Exercise instructions:
A line belongs in the answer only if it contains the word "avec"; copy every such line from the listing below.

Records for this task:
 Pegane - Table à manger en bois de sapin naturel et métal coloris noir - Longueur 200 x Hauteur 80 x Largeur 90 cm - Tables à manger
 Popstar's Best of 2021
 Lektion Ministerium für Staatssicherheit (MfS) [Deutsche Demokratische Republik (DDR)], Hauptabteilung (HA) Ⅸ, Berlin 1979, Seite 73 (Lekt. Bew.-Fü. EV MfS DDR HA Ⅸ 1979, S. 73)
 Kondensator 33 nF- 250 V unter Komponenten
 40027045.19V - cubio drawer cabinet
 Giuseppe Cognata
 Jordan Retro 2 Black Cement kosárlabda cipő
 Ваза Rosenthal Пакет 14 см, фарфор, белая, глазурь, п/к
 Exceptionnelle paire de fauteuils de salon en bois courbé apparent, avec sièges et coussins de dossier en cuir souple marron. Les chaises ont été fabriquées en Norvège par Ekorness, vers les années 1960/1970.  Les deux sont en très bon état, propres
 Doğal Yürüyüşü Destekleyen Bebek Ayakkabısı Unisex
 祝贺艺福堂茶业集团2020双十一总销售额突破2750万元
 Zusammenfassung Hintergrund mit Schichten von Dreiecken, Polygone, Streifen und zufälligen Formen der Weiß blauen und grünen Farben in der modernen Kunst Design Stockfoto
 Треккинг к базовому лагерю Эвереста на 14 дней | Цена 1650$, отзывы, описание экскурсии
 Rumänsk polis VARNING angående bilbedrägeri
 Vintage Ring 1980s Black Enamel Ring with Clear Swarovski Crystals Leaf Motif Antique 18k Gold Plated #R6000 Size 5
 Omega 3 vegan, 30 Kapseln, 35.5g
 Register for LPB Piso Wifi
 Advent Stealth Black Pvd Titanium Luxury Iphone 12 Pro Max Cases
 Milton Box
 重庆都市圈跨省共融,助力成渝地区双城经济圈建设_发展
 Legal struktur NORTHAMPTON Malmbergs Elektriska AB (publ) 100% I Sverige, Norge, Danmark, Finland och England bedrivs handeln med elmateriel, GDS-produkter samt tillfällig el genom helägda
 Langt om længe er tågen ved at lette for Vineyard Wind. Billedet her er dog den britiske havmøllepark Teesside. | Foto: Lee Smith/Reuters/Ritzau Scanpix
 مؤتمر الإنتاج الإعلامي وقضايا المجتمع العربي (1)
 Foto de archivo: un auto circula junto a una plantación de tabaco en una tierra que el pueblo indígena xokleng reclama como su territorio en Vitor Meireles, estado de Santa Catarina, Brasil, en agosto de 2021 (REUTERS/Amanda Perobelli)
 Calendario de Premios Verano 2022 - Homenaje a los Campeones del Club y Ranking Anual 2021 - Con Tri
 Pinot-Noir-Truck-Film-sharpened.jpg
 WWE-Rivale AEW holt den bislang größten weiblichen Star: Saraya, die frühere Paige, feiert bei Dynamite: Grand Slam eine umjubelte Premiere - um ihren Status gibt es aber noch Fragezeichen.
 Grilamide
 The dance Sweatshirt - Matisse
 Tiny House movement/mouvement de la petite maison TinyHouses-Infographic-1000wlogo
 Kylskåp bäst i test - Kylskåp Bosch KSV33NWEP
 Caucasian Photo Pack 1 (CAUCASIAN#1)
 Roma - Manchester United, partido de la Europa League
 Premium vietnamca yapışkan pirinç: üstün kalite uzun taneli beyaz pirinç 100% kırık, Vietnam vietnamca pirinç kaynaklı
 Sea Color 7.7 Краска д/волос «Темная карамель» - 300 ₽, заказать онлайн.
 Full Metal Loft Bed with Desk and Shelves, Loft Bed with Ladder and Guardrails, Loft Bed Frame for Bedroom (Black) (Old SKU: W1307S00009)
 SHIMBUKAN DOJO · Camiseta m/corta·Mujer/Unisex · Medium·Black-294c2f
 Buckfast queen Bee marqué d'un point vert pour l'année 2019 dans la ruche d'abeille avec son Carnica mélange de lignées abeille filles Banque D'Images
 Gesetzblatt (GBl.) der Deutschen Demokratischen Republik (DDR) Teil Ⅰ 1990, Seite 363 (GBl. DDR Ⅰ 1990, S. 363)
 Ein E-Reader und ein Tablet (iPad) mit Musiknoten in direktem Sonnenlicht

Answer to this exercise:
 Exceptionnelle paire de fauteuils de salon en bois courbé apparent, avec sièges et coussins de dossier en cuir souple marron. Les chaises ont été fabriquées en Norvège par Ekorness, vers les années 1960/1970.  Les deux sont en très bon état, propres
 Buckfast queen Bee marqué d'un point vert pour l'année 2019 dans la ruche d'abeille avec son Carnica mélange de lignées abeille filles Banque D'Images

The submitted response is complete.